A grad-norm trace is the cheapest, highest-signal stability instrument — log it from step 1.
URL: https://apxml.com/courses/how-to-build-a-large-language-model/chapter-24-identifying-mitigating-training-instabilities/stabilization-techniques-revisited
---
## Reproducibility
### P19 — Deterministic / repro knobs — set them, but the *interpretation* is delegated
**Symptom**: same config + seed gives slightly different loss/metrics run-to-run.
**Root cause**: nondeterministic CUDA kernels + `cudnn.benchmark` autotuning pick different algorithms per
run; TF32/AMP add low-order noise on top.
**Fix — the mechanical knobs (set these here)**:
```python
torch.manual_seed(s); np.random.seed(s); random.seed(s)
torch.use_deterministic_algorithms(True) # may need CUBLAS_WORKSPACE_CONFIG=:4096:8
torch.backends.cudnn.deterministic = True
torch.backends.cudnn.benchmark = False # benchmark=True trades determinism for speed
```
**Whether a run-to-run delta is "a real effect vs cuDNN nondeterminism," and the full determinism
methodology, is owned by verifying-dl-experiments (cross-link REQUIRED)** — catalogued as **U36** in
`references/gotchas_universal.md`. This layer only ensures the knobs are *set and logged*. Determinism costs
speed — enable for the datapoint that must be clean, not every throwaway run.

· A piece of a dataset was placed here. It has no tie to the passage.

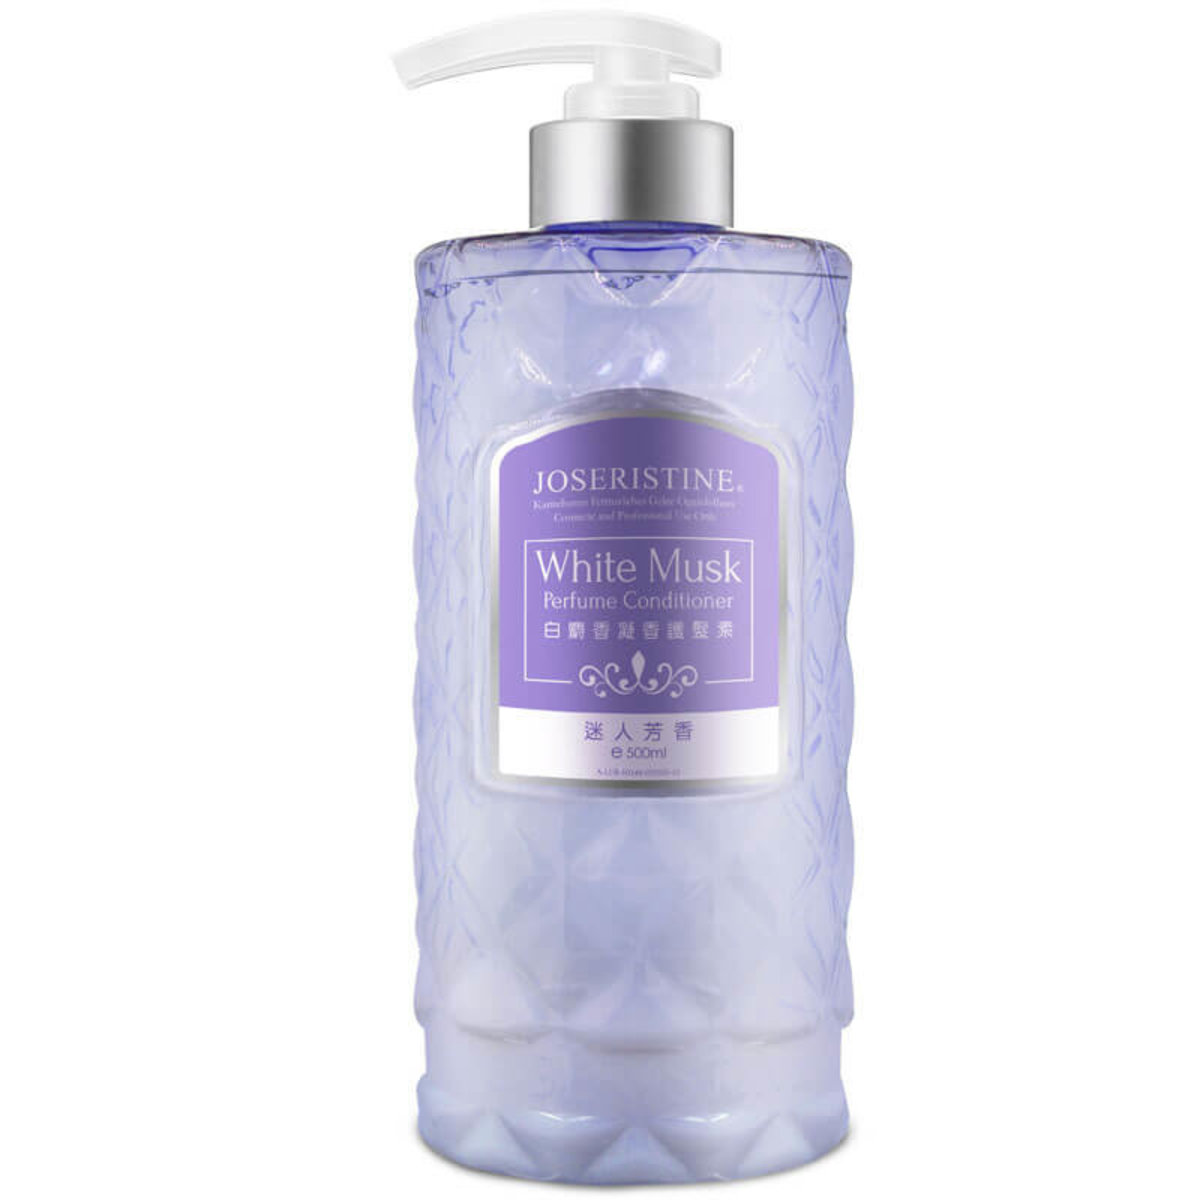 White Musk Perfume Conditioner

URL: https://docs.pytorch.org/docs/stable/notes/randomness.html
---
## Pointers — adjacent layers, do NOT restate here
- **`references/gotchas_universal.md`** — the *infra* failure modes that masquerade as numerics:
**U6** disk-full crashes `torch.save`, **U9** cgroup-OOM (bare `Killed`, not a NaN), **U28** CUDA/driver/
torch-build mismatch (`no kernel image` ≠ a precision bug), **U10/U11** VRAM OOM. Rule out infra before
chasing a "numerics" ghost.
- **`verifying-dl-experiments`** (**REQUIRED** cross-link) — owns *is-the-number-real*: smoke **content**,
cuDNN-nondeterminism-as-metric-error (U36), collapse/constant-output diagnosis, "bug vs real effect." This
file makes training *run and stay finite*; that skill judges whether the converged result is *true*.
- **`references/spot-resilience.md`** — checkpoint cadence so a divergence-and-resume (P12) loses minimal work.
- **`references/multinode.md`** — NCCL/precision interactions in DDP (all-reduce dtype, loss-scale sync) for
multi-node runs; single-box users skip.